Правда, Балашши какое-то время еще надеется на прощение и посылает Анне новые стихи, одно лучше другого. Следуя традиции поэзии Возрождения, он дает возлюбленной поэтическое имя Юлия; себя же в некоторых стихах называет Кредул (Credulus — доверчивый). Стихи этого периода — это уже не просто набор изощренных комплиментов: в них звучат истинные и глубокие чувства: тоска, раскаяние, надежда. Это уже настоящая ренессансная поэзия; иные стихотворения своей искренней интонацией, лаконичностью и емкостью выражения чувств заставляют вспомнить Петрарку. (Правда, венгерские исследователи склонны считать, что влияние Петрарки на Балашши было скорее опосредствованным; источники же прямого влияния они находят в поэзии швейцарца Теодора де Беза, голландца, друга Эразма, Иоанна Секунда, неаполитанца Михаила Марулла и некоторых других.)

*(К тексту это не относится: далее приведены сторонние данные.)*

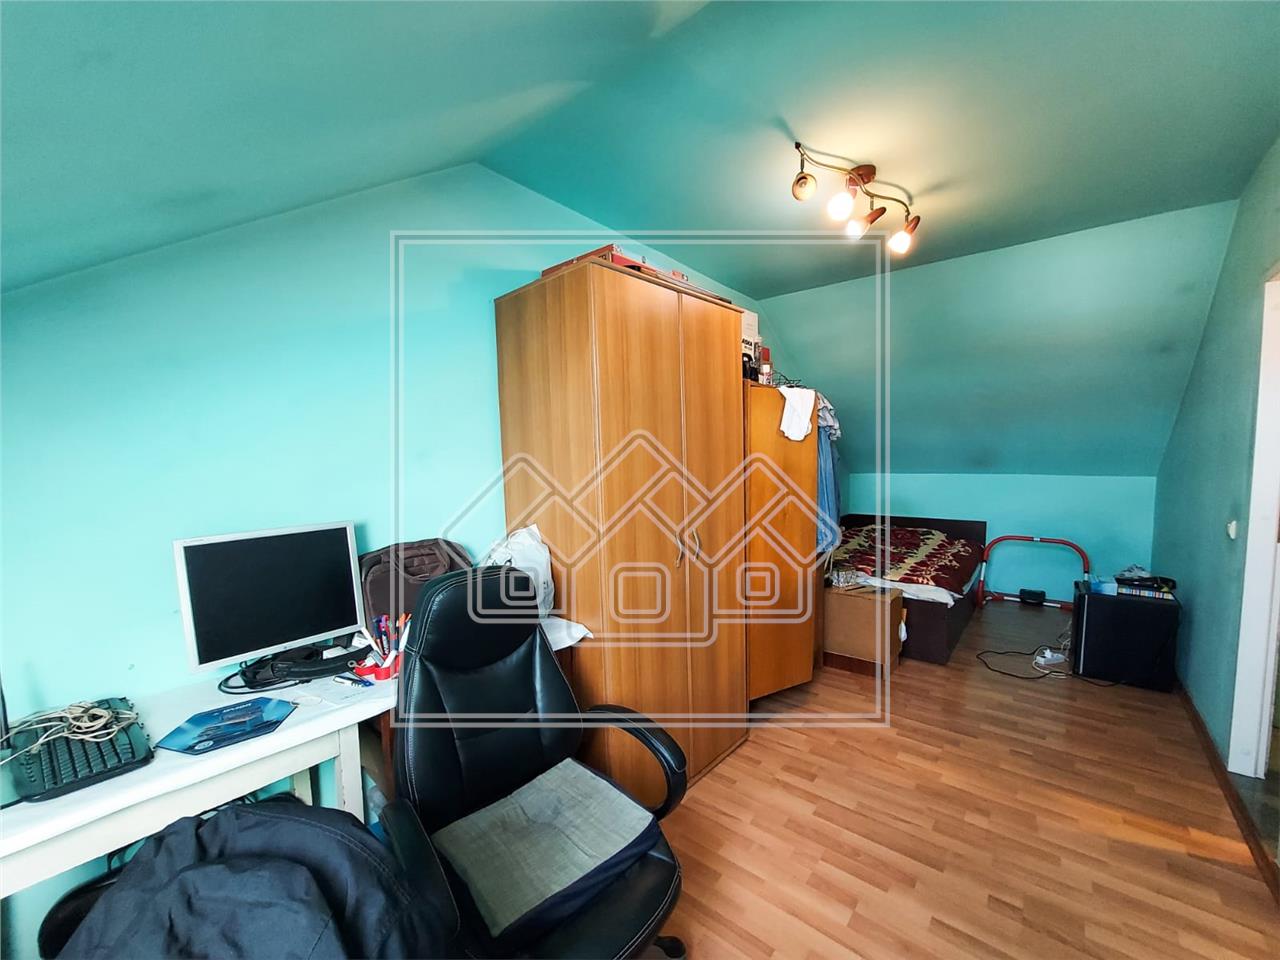 Apartament de vanzare in Sibiu - 3 camere - zona Terezian

К этому периоду, периоду творческой зрелости, относится и прозаическое переложение пасторали итальянца Кристофоро Кастелетти «Амариллис»; это произведение, названное Балинтом Балашши «Изящная венгерская комедия», он предназначал в подарок Юлии (Анне): оно должно было смягчить сердце охладевшей к нему бывшей возлюбленной. Но надежды Балашши не оправдались... Крах своих надежд он отразил в переводе (также свободном) трагедии шотландского гуманиста, жившего в Бордо, Джорджа Бьюкенена «Иеффай» (текст перевода не сохранился).

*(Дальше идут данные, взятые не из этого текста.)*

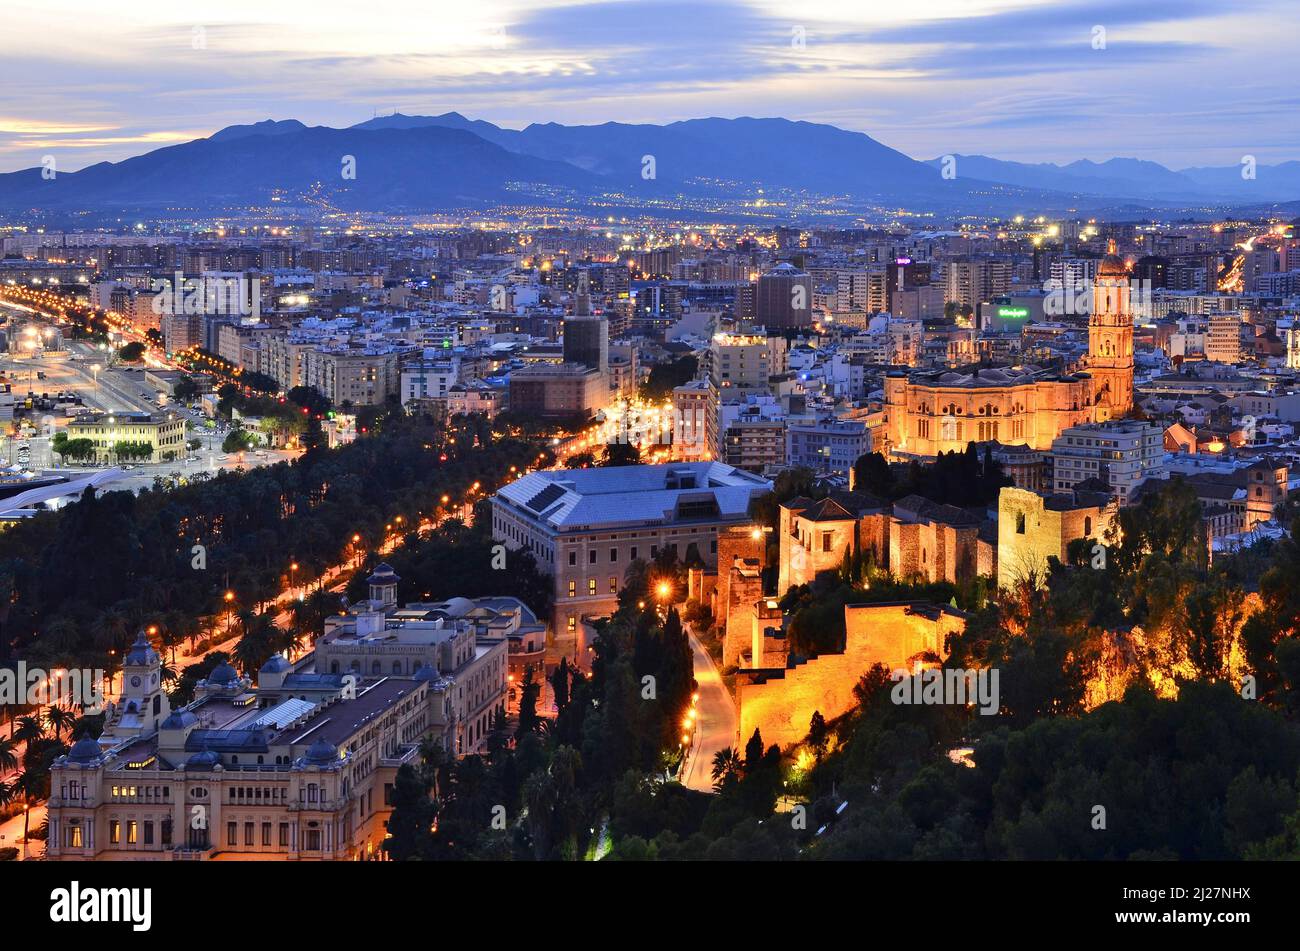 Città di Malaga con la fortezza medievale di Alcazaba e la cattedrale illuminata al crepuscolo, vista elevata dalla collina di Gibralfaro, Andalusia Spagna. Foto Stock

Возрожденческая традиция сказывалась у Балинта Балашши и в том, как сознательно он пытался оформить свою поэзию. С 1587 г. он стал заносить свои стихотворения, нумеруя их, в рукописный сборник («Моей рукой записанная книга»), планируя составить его из трех циклов по 33 произведения в каждом. Основу первого цикла составляли стихи, посвященные Анне, второго — Юлии. В третий цикл Балашши включил духовные стихотворения. Такой принцип группировки, основывающийся на числе 3 (Святая Троица), знаком нам, скажем, по «Божественной Комедии» Данте. 33 же — возраст Христа, принявшего мученическую смерть, и возраст самого Балашши, когда он сознательно взял на себя миссию поэта. Кроме того, трем циклам Балашши хотел предпослать «Три гимна Святой Троице» — и успел написать их (количество строк в трех гимнах — также 99).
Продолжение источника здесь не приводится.